Supplied material ▸

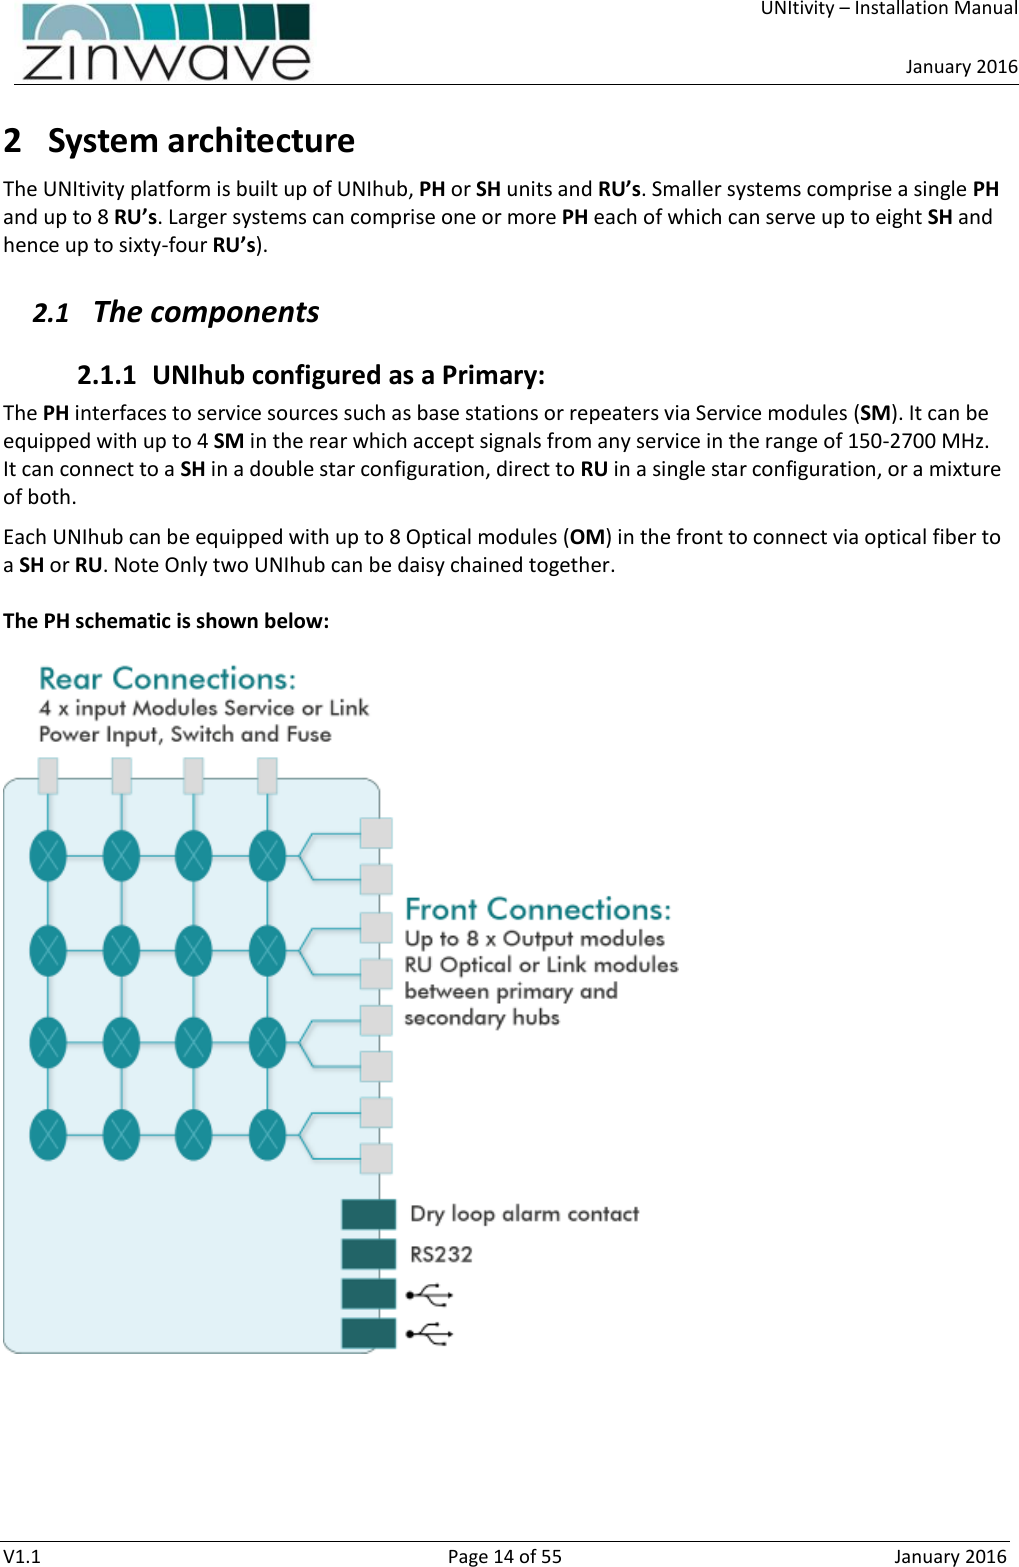     UNItivity – Installation Manual      January 2016  V1.1  Page 14 of 55  January 2016 2 System architecture The UNItivity platform is built up of UNIhub, PH or SH units and RU’s. Smaller systems comprise a single PH and up to 8 RU’s. Larger systems can comprise one or more PH each of which can serve up to eight SH and hence up to sixty-four RU’s).  2.1 The components 2.1.1 UNIhub configured as a Primary:  The PH interfaces to service sources such as base stations or repeaters via Service modules (SM). It can be equipped with up to 4 SM in the rear which accept signals from any service in the range of 150-2700 MHz. It can connect to a SH in a double star configuration, direct to RU in a single star configuration, or a mixture of both. Each UNIhub can be equipped with up to 8 Optical modules (OM) in the front to connect via optical fiber to a SH or RU. Note Only two UNIhub can be daisy chained together.   The PH schematic is shown below:   
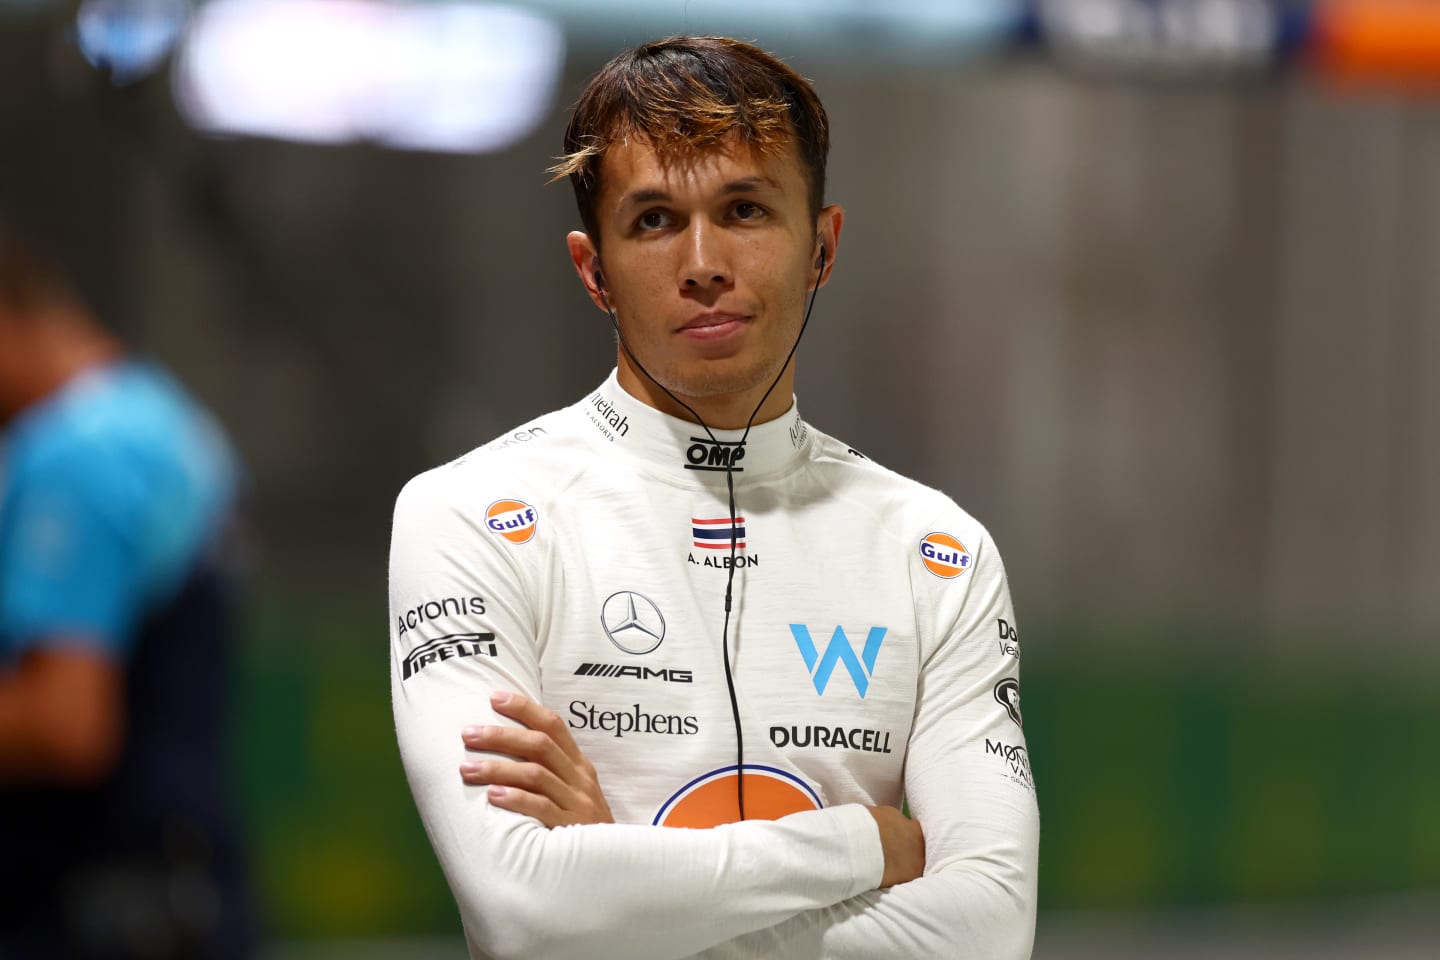 SINGAPORE, SINGAPORE - SEPTEMBER 16: Alexander Albon of Thailand and Williams looks on in the Pitlane during a red flag period during qualifying ahead of the F1 Grand Prix of Singapore at Marina Bay Street Circuit on September 16, 2023 in Singapore, Singapore. (Photo by Bryn Lennon - Formula 1/Formula 1 via Getty Images)
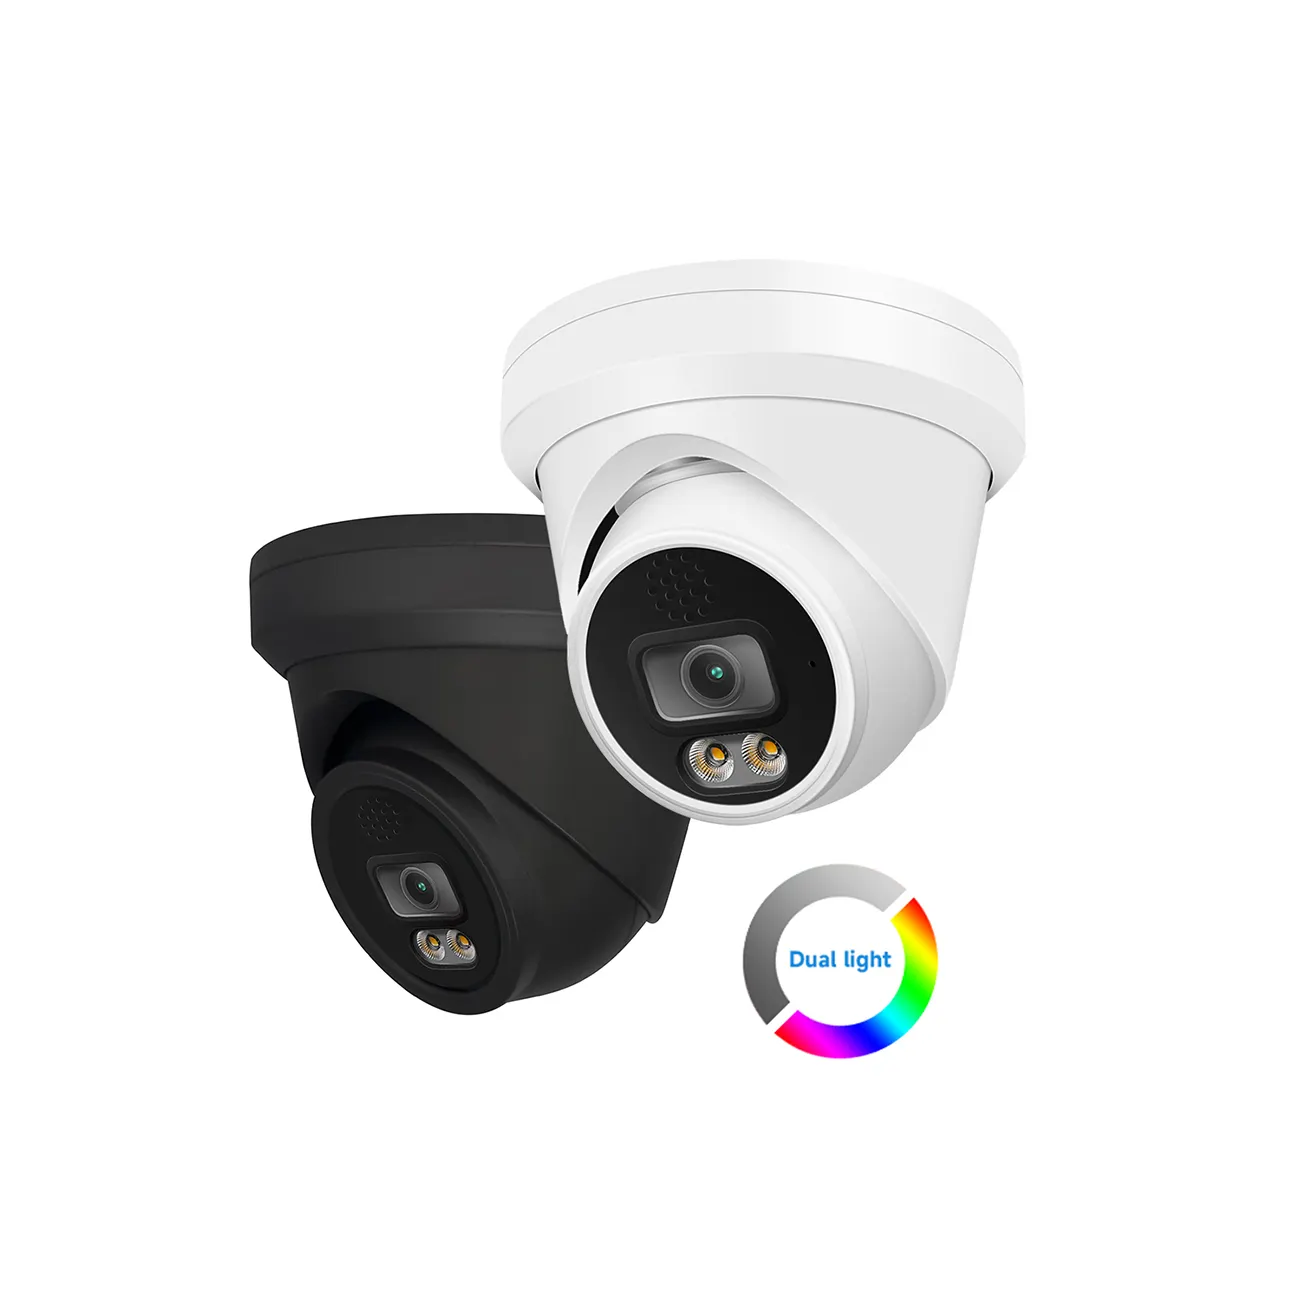 4K Ultra HD Active Deterrence Turret IP Security Camera Smart Dual Illumination 24/7 Colorful Two Way Audio Sound Alarm SD Slot

Task item ▸ Exclude all images and return the listing word for word.

Exercise result ▸
     UNItivity – Installation Manual      January 2016  V1.1  Page 14 of 55  January 2016 2 System architecture The UNItivity platform is built up of UNIhub, PH or SH units and RU’s. Smaller systems comprise a single PH and up to 8 RU’s. Larger systems can comprise one or more PH each of which can serve up to eight SH and hence up to sixty-four RU’s).  2.1 The components 2.1.1 UNIhub configured as a Primary:  The PH interfaces to service sources such as base stations or repeaters via Service modules (SM). It can be equipped with up to 4 SM in the rear which accept signals from any service in the range of 150-2700 MHz. It can connect to a SH in a double star configuration, direct to RU in a single star configuration, or a mixture of both. Each UNIhub can be equipped with up to 8 Optical modules (OM) in the front to connect via optical fiber to a SH or RU. Note Only two UNIhub can be daisy chained together.   The PH schematic is shown below:   
 SINGAPORE, SINGAPORE - SEPTEMBER 16: Alexander Albon of Thailand and Williams looks on in the Pitlane during a red flag period during qualifying ahead of the F1 Grand Prix of Singapore at Marina Bay Street Circuit on September 16, 2023 in Singapore, Singapore. (Photo by Bryn Lennon - Formula 1/Formula 1 via Getty Images)
 4K Ultra HD Active Deterrence Turret IP Security Camera Smart Dual Illumination 24/7 Colorful Two Way Audio Sound Alarm SD Slot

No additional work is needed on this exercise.